Guanajuato fue cuna del movimiento de independencia, testigo del grito de rebeldía de Hidalgo y escenario del asalto a la Alhóndiga de Granaditas. Pero no son fechas lo que el viajero recuerda, sino la sensación de estar caminando sobre los pasos de héroes. Las piedras susurran relatos, y cada plaza —la de San Fernando, la de la Paz, la del Baratillo— es una página viva de la historia de México.

2. Porque sus callejones no conducen al destino, sino a la sorpresa

No hay mapas ni GPS que valgan aquí. Guanajuato se revela a los que se pierden con gusto. Sus callejones serpentean entre casonas de colores, balcones floreados y escaleras que suben al cielo. Y de pronto, al doblar una esquina, se abre un mirador, una iglesia, una serenata. El más célebre, claro, es el Callejón del Beso, donde los balcones casi se tocan y el amor se convierte en leyenda.

3. Porque en 2025, el Festival Cervantino promete más magia que nunca

Este año, el Festival Internacional Cervantino —el mayor encuentro cultural del mundo hispano— celebrará una edición especial, con nuevos escenarios al aire libre, arte inmersivo y homenajes a los 50 años de la primera edición. Músicos, actores, bailarines y poetas transformarán la ciudad en un teatro sin techo, donde cada esquina será un escenario.

4. Porque su arquitectura es un poema hecho cantera

Desde el Teatro Juárez, majestuoso y silencioso como un templo griego, hasta la Universidad de Guanajuato, blanca y empinada como una sinfonía en mármol, la ciudad es una obra de arte en sí misma. Iglesias barrocas como la de San Diego o la Basílica de Nuestra Señora de Guanajuato invitan a la contemplación y al asombro. Y en cada fachada, la piedra cuenta un secreto.

5. Porque el arte aquí no cuelga en galerías: florece en cada muro

Los murales, las esculturas, las máscaras, los alebrijes, los grabados: Guanajuato está viva de arte. El legado de Diego Rivera, nacido en esta tierra, se respira en su casa natal convertida en museo, pero también en el espíritu libre de los jóvenes artistas que exponen en callejones y ferias. En 2025, se espera una explosión de arte callejero y festivales independientes que reinventan lo tradicional.

6. Porque el sabor guanajuatense es un festín para los sentidos

Los tamales de ceniza, las enchiladas mineras, las nieves de garambullo, el mezcal de la sierra. Comer en Guanajuato es descubrir una cocina de raíz y carácter. Este año, nuevos mercados gastronómicos y rutas culinarias estarán disponibles para los viajeros, donde se fusionan recetas centenarias con propuestas contemporáneas que seducen el paladar más exigente.

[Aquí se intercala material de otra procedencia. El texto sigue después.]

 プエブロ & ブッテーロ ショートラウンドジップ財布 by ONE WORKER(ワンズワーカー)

7. Porque sus minas siguen latiendo bajo tierra y sobre el alma

La mina de La Valenciana no es solo un vestigio de la riqueza colonial: es un viaje al interior del tiempo. Bajar a sus túneles es escuchar el eco del trabajo de miles de mineros y comprender cómo de sus entrañas surgieron no solo metales, sino también resistencia y cultura. En 2025, las minas ofrecerán recorridos temáticos nocturnos que combinan historia, teatro y leyenda.

8. Porque la muerte aquí se viste de fiesta

Guanajuato celebra el Día de Muertos como nadie. Las calles se llenan de altares, catrinas, flores, luces y música. El Museo de las Momias, con su extraña mezcla de horror y fascinación, es solo la punta del iceberg de una ciudad que honra la muerte con color y memoria. Este 2025, las celebraciones incluirán instalaciones multimedia y desfiles nocturnos por los callejones más antiguos.

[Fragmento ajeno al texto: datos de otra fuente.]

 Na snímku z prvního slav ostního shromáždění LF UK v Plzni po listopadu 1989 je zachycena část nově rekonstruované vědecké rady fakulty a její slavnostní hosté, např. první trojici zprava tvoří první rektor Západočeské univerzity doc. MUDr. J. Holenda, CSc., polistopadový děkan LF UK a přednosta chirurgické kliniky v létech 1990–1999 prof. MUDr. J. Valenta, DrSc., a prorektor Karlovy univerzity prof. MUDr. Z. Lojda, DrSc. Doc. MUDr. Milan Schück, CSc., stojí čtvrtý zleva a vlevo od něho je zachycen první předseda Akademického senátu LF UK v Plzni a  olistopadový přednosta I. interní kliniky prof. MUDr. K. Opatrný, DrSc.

9. Porque los guanajuatenses no son anfitriones: son poetas del encuentro

Aquí no hay prisa ni distancia. Un vendedor de dulces te recita una copla, un guitarrista te regala una canción, una abuela te cuenta una leyenda. Guanajuato es una ciudad que se entrega sin condiciones, donde el visitante se convierte en parte de una conversación eterna que une pasado y presente con un café y un bolero.

10. Porque Guanajuato no se olvida: se queda en el pecho como un verso aprendido

Hay lugares que se visitan y se tachan de una lista. Guanajuato no. Guanajuato se repite en la memoria como una melodía que uno tararea sin querer. En 2025, más que nunca, es un refugio para quienes buscan belleza, profundidad, emoción y sentido. Porque esta ciudad no espera turistas: espera cómplices, viajeros con el corazón abierto.

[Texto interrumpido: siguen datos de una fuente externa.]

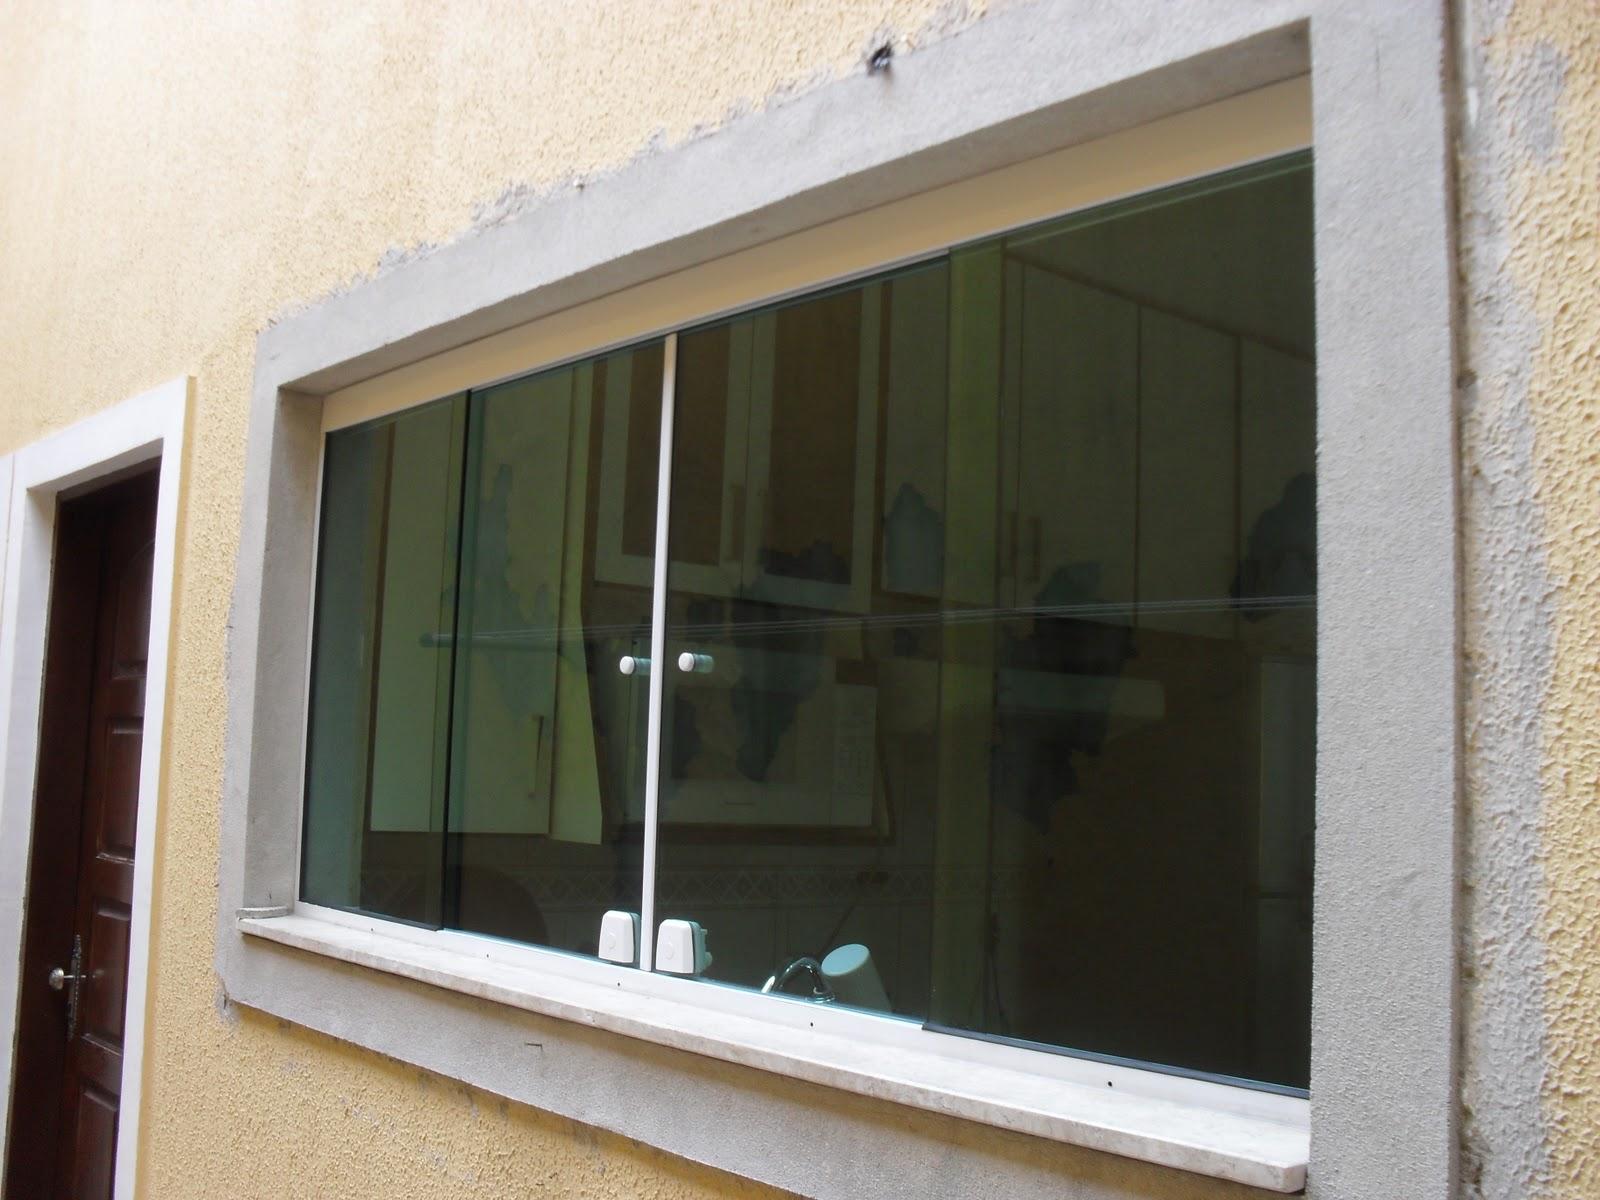 #856D46 Jato Glass Vidraçaria: Janela 4 folhas em vidro temperado (cozinha) 444 Janelas De Vidros Temperados Preços

Viajar a Guanajuato este 2025 es dejar que la piedra, el arte y la historia hablen por uno. Es caminar entre sombras doradas, es dejar que la música de un callejón nos guíe, es perderse en una ciudad que no necesita gritar para ser inolvidable. Guanajuato no es solo un destino: es una forma de mirar el mundo con otros ojos, más lentos, más vivos, más tuyos.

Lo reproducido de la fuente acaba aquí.